Many large data sets, such as gigapixel images, geographic maps, or networks, require exploration of annotations at different levels of detail. We call an annotation a region in the visualization that contains some visual patterns (called annotated pattern henceforth). These annotated patterns can either be generated by users or derived computationally. However, annotated patterns are often magnitudes smaller than the overview and too small to be visible. This makes tasks such as exploration, searching, comparing, or contextualizing challenging, as considerable navigation is needed to overcome the lack of overview or detail.
Exploring annotated patterns in context is often needed to assess the relevance of patterns and to dissect important from unimportant regions. For example, computational biologists study thousands of small patterns in large genome interaction matrices  to understand which physical interactions between regions on the genome are the driving factor that defines the structure of the genome. In astronomy, researchers are exploring and comparing multiple heterogeneous galaxies and stars within super high-resolution imagery . In either case, inspecting every potentially important region in detail is simply not feasible.
Exploring visual details of these annotated patterns in multiscale visual spaces requires a tradeoff between several conflicting criteria (Fig. 1). Patterns must be visible for inspection and comparison (detail). Enough of the overview needs to be visible to provide context for the patterns (context). And the detailed pattern representations must be close to its actual position in the overview (locality).
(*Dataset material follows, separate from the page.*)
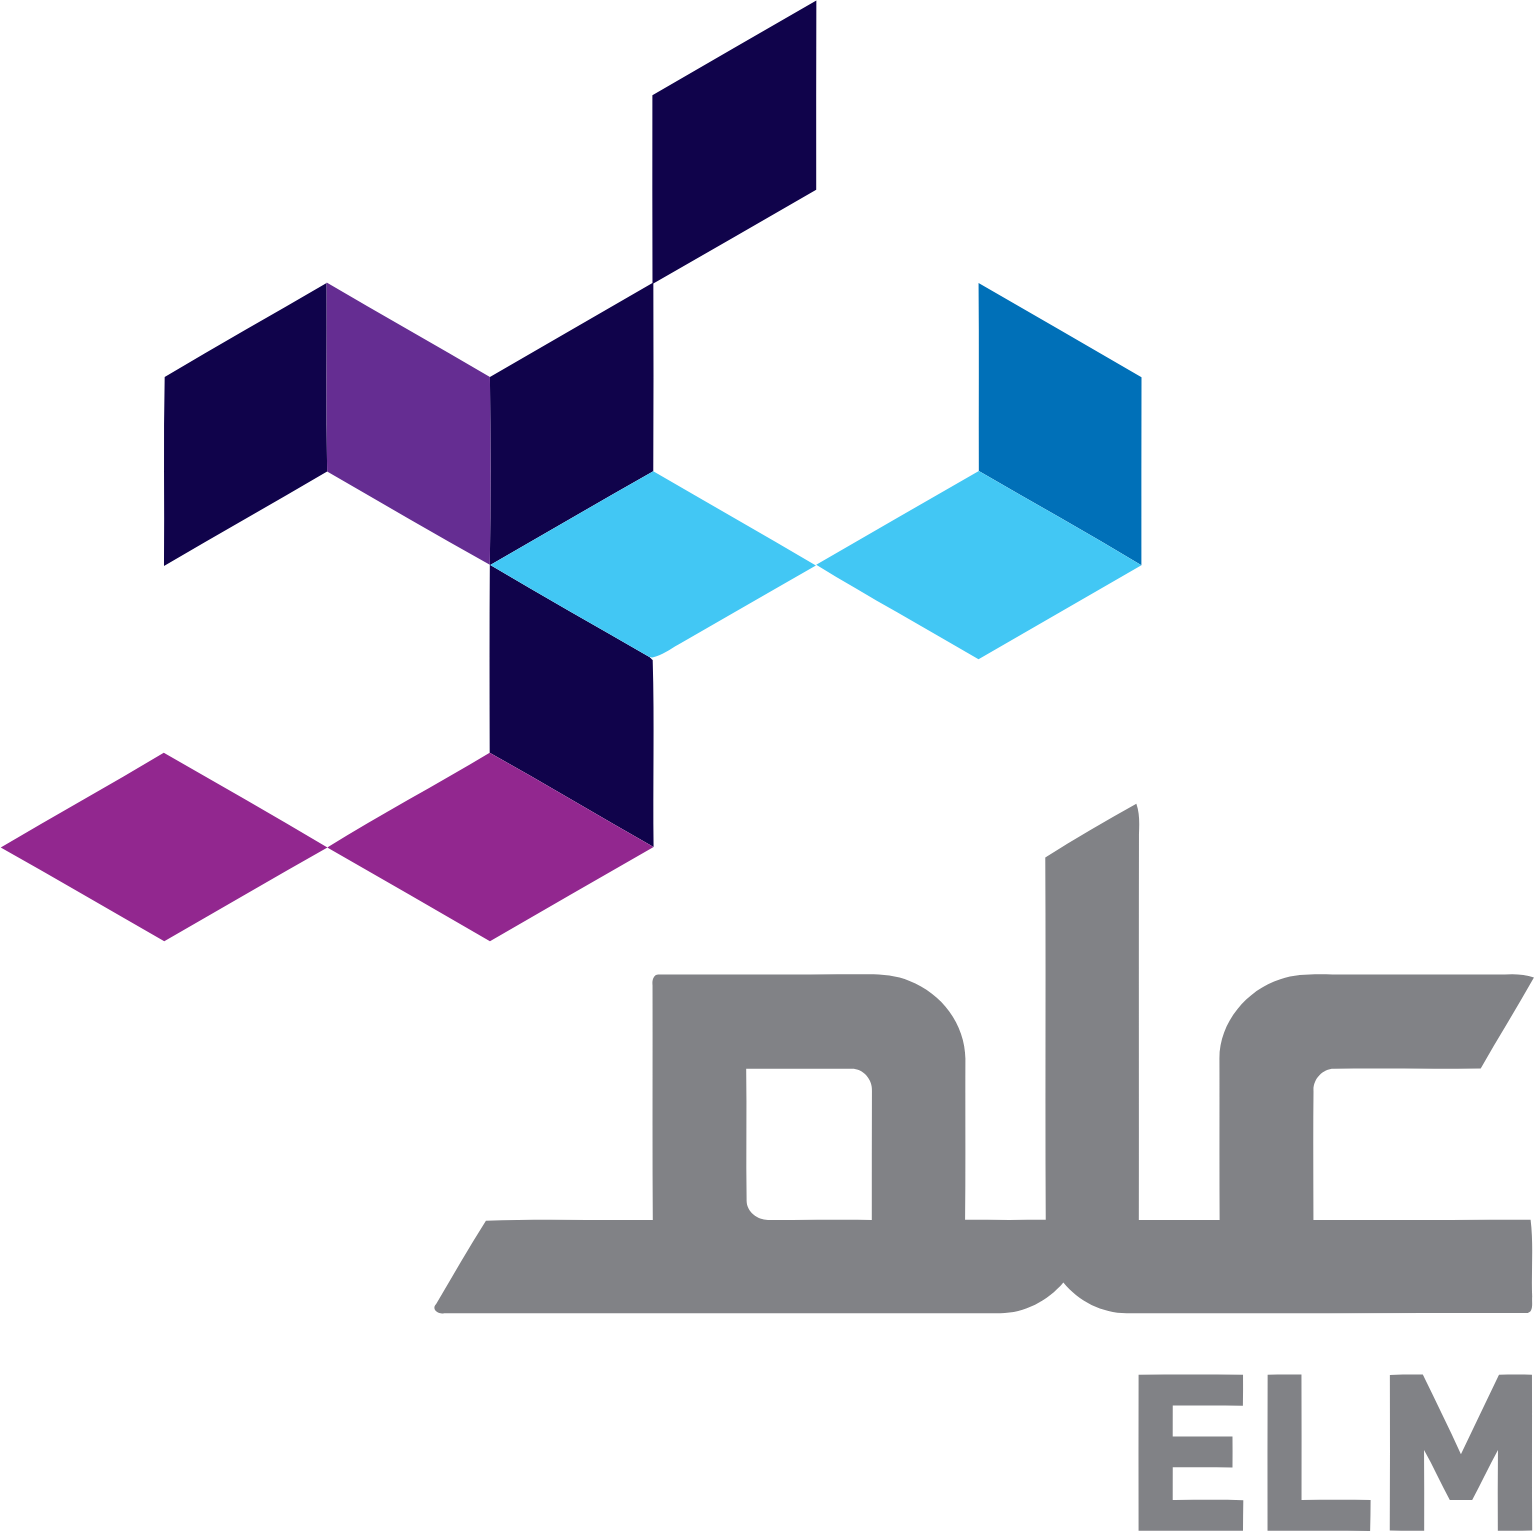 Elm Company logo large (transparent PNG)
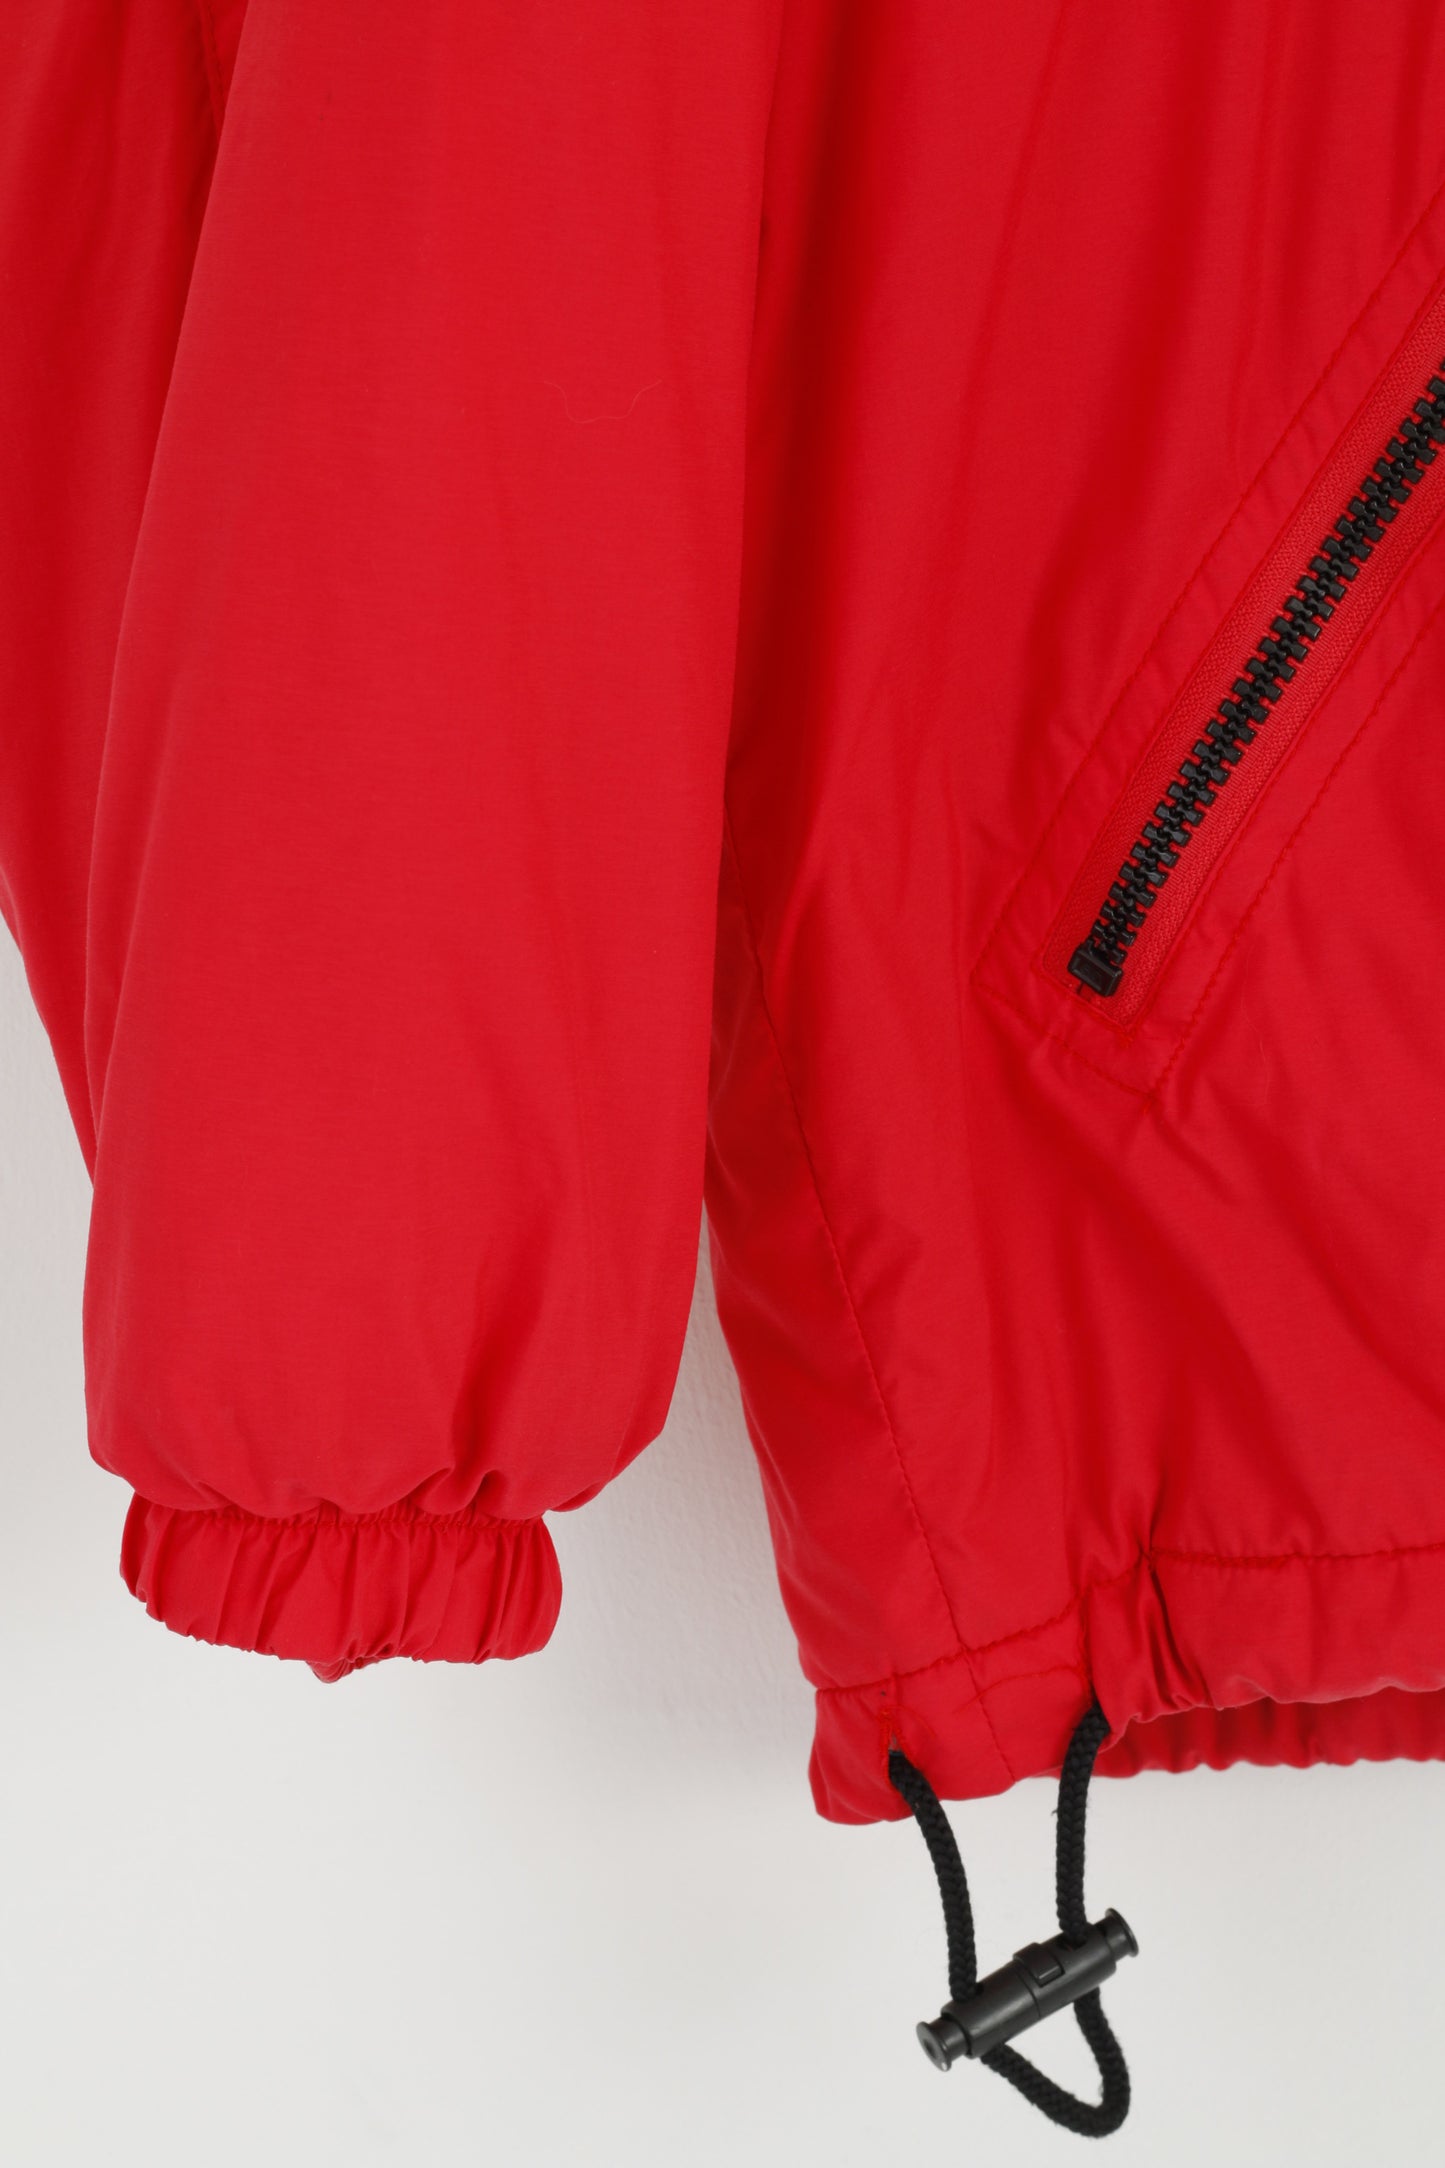 O'Neill Sportswear Men L Jacket Red Ski Snowboarding Pullover Zip Neck Padded Vintage Top

Current interactive navigation and visualization approaches, such as focus+context, overview+detail, or general highlighting techniques, address some but not all of these criteria and become difficult as repeated viewport changes, multiple manual lenses, or separate views at different zoom levels are required, which stress the user’s mental capacities.
Scalable Insets is a scalable visualization technique for interactively exploring and navigating large numbers of annotated patterns in multiscale visual spaces. Scalable Insets support users in early exploration through multifocus guidance by dynamically placing magnified thumbnails of annotated patterns as insets within the viewport (Fig. 2). The entire design (Fig. 3) is focused on scalability. To keep the number of insets stable, we developed dynamic grouping to cluster patterns based on their location, type, and the user’s viewport.
The degree of clustering constitutes a tradeoff between context and detail. Groups of patterns are visually represented as a single aggregated inset to accommodate for detail. Details of aggregated patterns are gradually resolved as the user navigates into certain regions. We also present two dynamic mechanisms for placing insets either within the overview or on the overview’s boundaryto allow flexible adjustment to locality. With Scalable Insets, the user can rapidly search, compare, and contextualize large pattern spaces in multiscale visualizations.
We implemented Scalable Insets as an extension to HiGlass , a flexible web application for viewing large tile-based datasets. The implementation currently supports gigapixel images, geographic maps, and genome interaction matrices. In a qualitative user study six computational biologists explored features in a genome interaction matrices using Scalable Insets.
Their feedback shows that our technique is easy to learn and effective in biological data exploration. Results of a controlled user study with 18 novice users comparing both placement mechanisms of Scalable Insets to a standard highlighting technique show that Scalable Insets reduced the time to find annotated patterns by up to 45% and improved the accuracy in comparing pattern types by up to 32 percentage points.